О’ва разыгрывал пантомиму, начав с того момента, когда олень, увидев манившую его руку, лениво приблизился к ней и в него ударила стрела. У Сантэн было ощущение дежа вю, будто она видела все собственными глазами, — до такой степени точно воспроизводилось случившееся.
О’ва поскакал галопом; он прыгал, как сернобык, но потом начал слабеть и спотыкаться.

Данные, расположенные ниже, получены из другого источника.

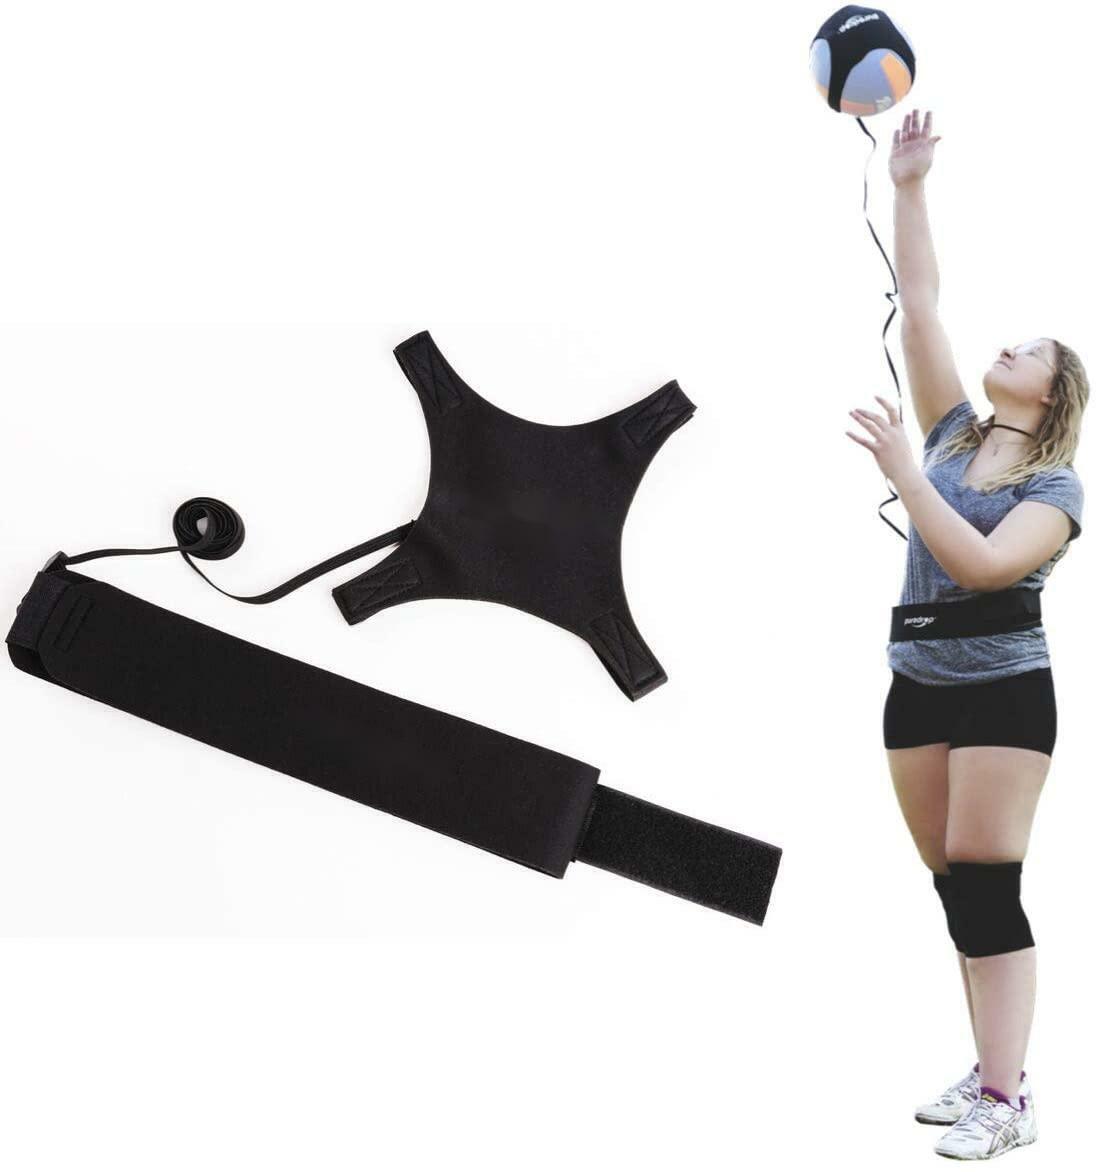 Volleyball Training Pass Rite Aid Resistance Band, Elastic Practicing Training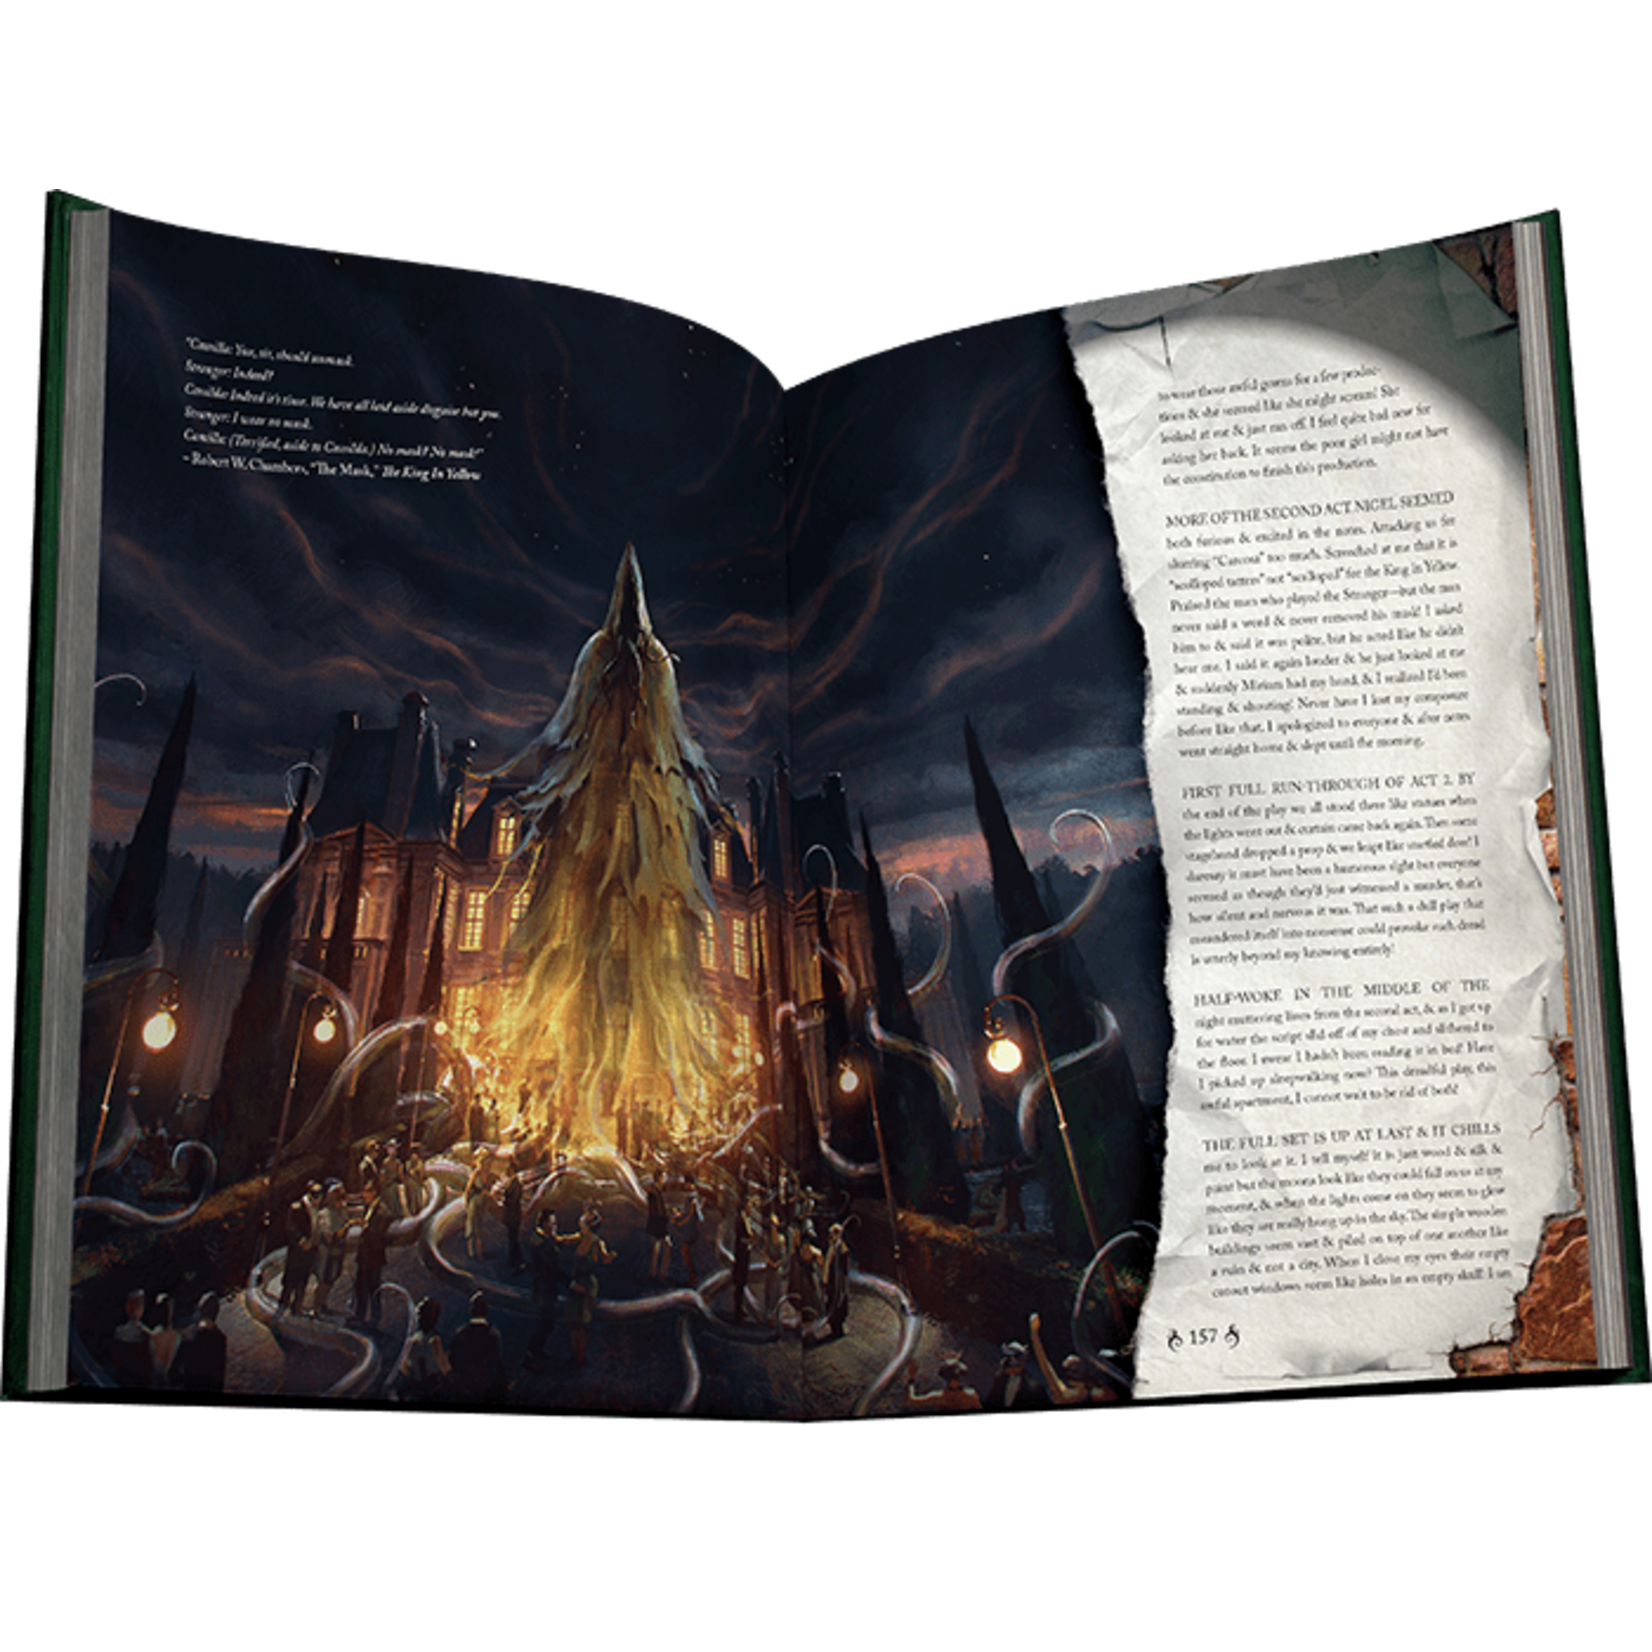 The Investigators of Arkham Horror Tales of Adventures and Madness (HC)

Он тяжело дышал, опустив голову, и Сантэн вдруг прониклась сочувствием к раненому зверю. Она вспомнила Нюажа, и на глаза навернулись слезы, но Х’ани хлопала в ладоши и одобрительно вскрикивала:
— Умри, о самец, чтобы мы почтили тебя и смогли жить!
О’ва двигался по широкому кругу, его рогатая голова стала слишком тяжелой, чтобы нести ее, он опустился на землю и содрогнулся в последних конвульсиях, когда яд растекся по жилам.
Все это было так убедительно, что Сантэн больше не видела маленького бушмена — она видела быка, которого изображал О’ва. И ни на миг не усомнилась в могуществе заклинаний, которыми окутывал свою добычу О’ва.
— Ах! — воскликнула Х’ани. — Упал! Большой самец издох.
И Сантэн безоговорочно поверила ей.
Они напились из яиц-бутылок, а затем О’ва отломил с высохшего дерева ветку и обточил ее с одного конца так, чтобы налезал сделанный из буйволиной кости наконечник копья; наконечник он достал из своего мешка. Привязав его, он взвесил в руке тяжелое оружие, будто проверял его крепость.
— Пора идти за быком, — объявил он и повел женщин по равнине.
Первое впечатление Сантэн оказалось верным. Они миновали страну дюн, но лежащая впереди равнина была не менее страшной, а мертвые деревья необычных очертаний придавали ей сюрреалистический и потусторонний вид.